For example, perhaps you wanted to serialize `complex` number objects as an
extension type.  These objects can be represented as tuples of two floats (one
"real" and one "imaginary"). If we represent each float as 8 bytes (a
"double"), then any complex number can be fully represented by a 16 byte
buffer.

.. code-block::

    +---------+---------+
    |  real   |  imag   |
    +---------+---------+
      8 bytes   8 bytes


Here we define ``enc_hook`` and ``ext_hook`` callbacks to convert `complex`
objects to/from this binary representation as a MessagePack extension.

.. code-block:: python

    import msgspec
    import struct
    from typing import Any

    # All extension types need a unique integer designator so the decoder knows
    # which type they're decoding. Here we arbitrarily choose 1, but any integer
    # between 0 and 127 (inclusive) would work.
    COMPLEX_TYPE_CODE = 1

    def enc_hook(obj: Any) -> Any:
        if isinstance(obj, complex):
            # encode the complex number into a 16 byte buffer
            data = struct.pack('dd', obj.real, obj.imag)

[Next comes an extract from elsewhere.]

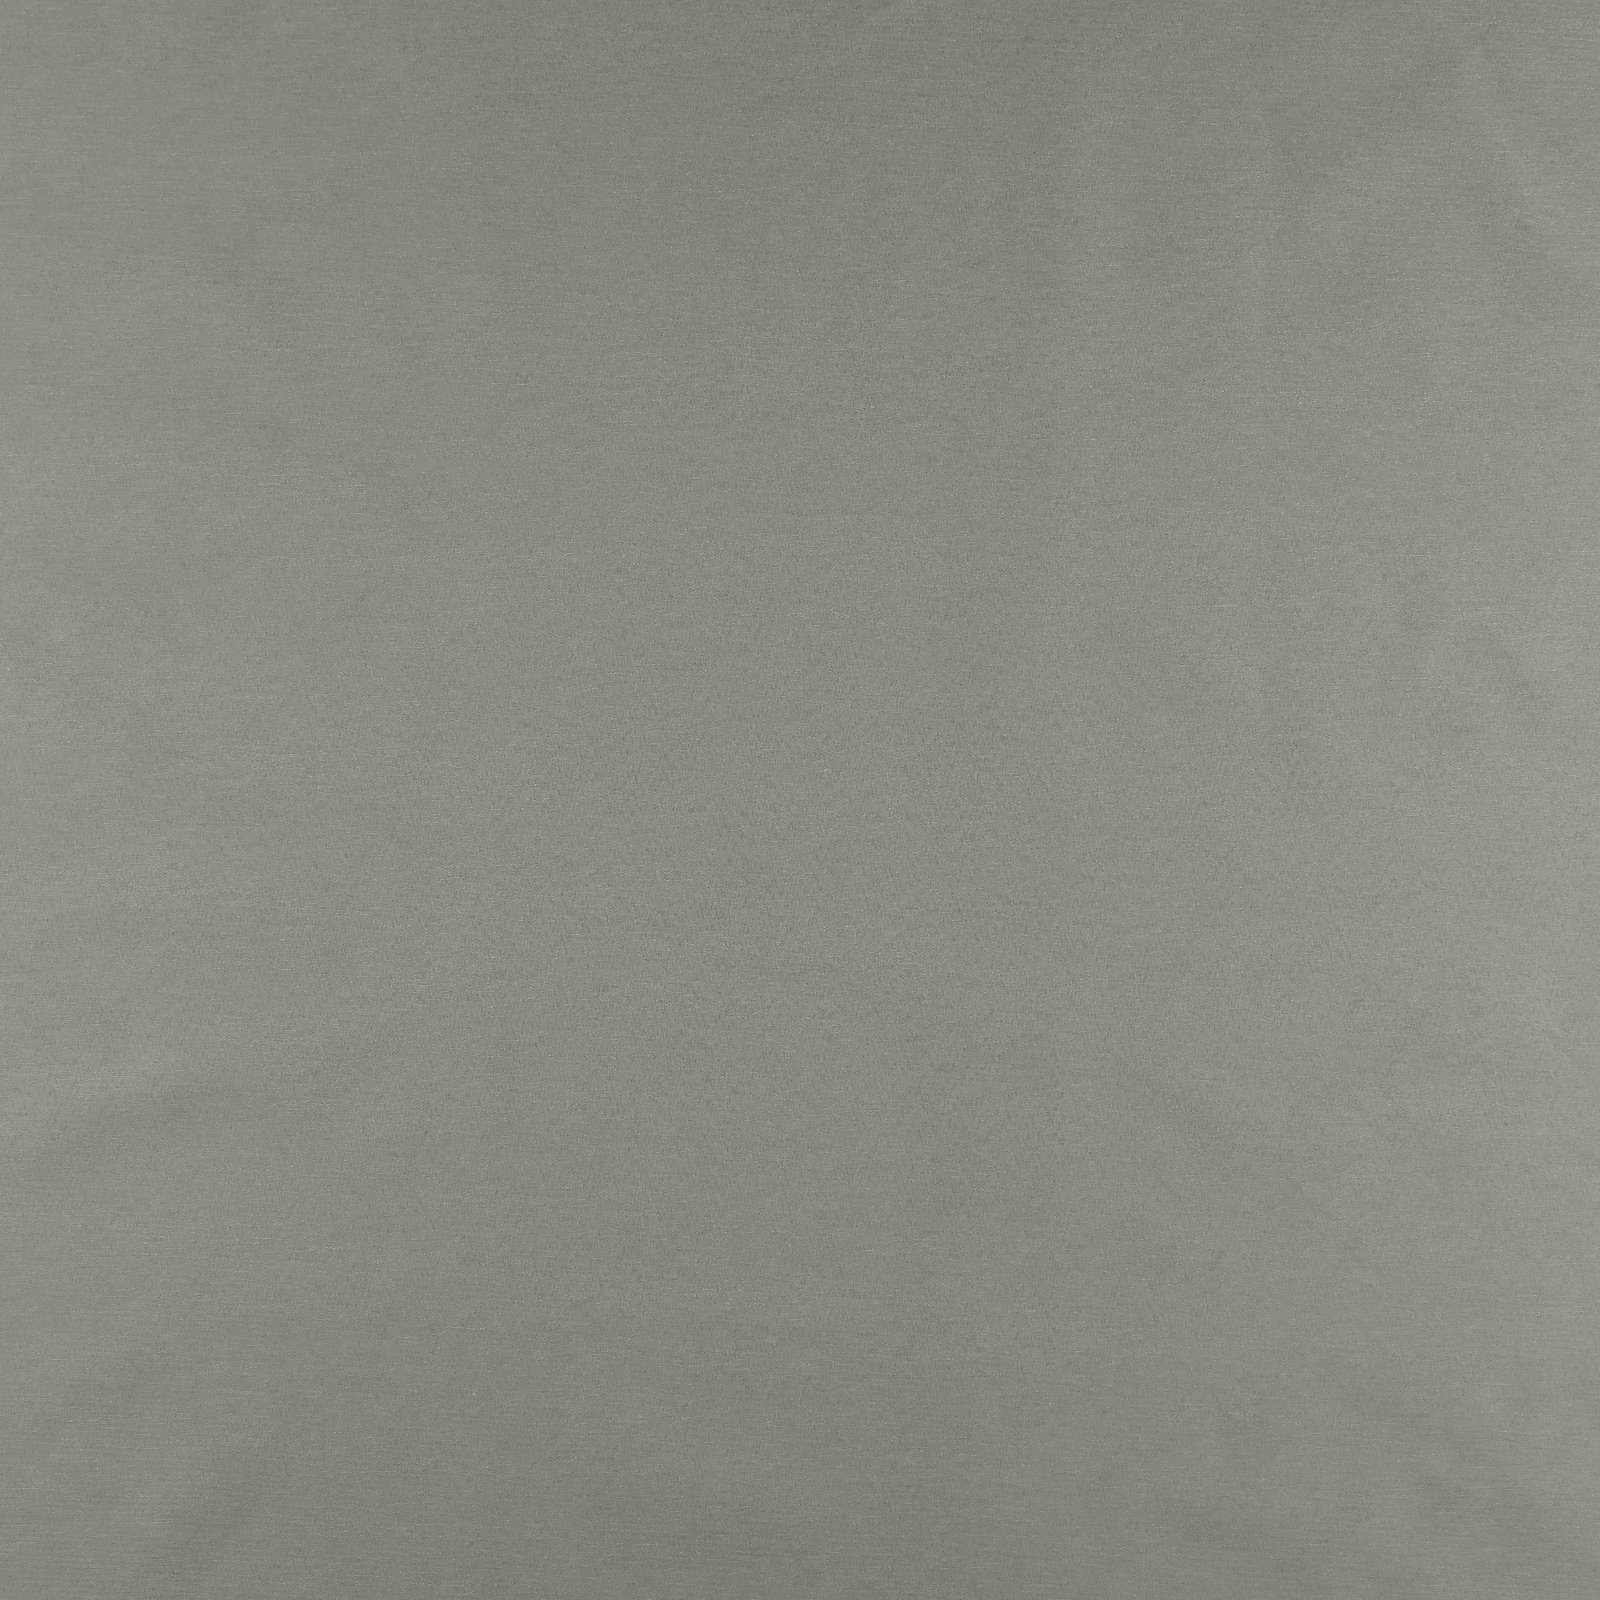 Woven oilcloth light grey 158-160 cm 870252_pack_solid

            # Return an `Ext` object so msgspec serializes it as an extension type.
            return msgspec.msgpack.Ext(COMPLEX_TYPE_CODE, data)
        else:
            # Raise a NotImplementedError for other types
            raise NotImplementedError(f"Objects of type {type(obj)} are not supported")


    def ext_hook(code: int, data: memoryview) -> Any:
        if code == COMPLEX_TYPE_CODE:
            # This extension type represents a complex number, decode the data
            # buffer accordingly.
            real, imag = struct.unpack('dd', data)
            return complex(real, imag)
        else:
            # Raise a NotImplementedError for other extension type codes
            raise NotImplementedError(f"Extension type code {code} is not supported")


    # Create an encoder and a decoder using the custom callbacks
    enc = msgspec.msgpack.Encoder(enc_hook=enc_hook)
    dec = msgspec.msgpack.Decoder(ext_hook=ext_hook)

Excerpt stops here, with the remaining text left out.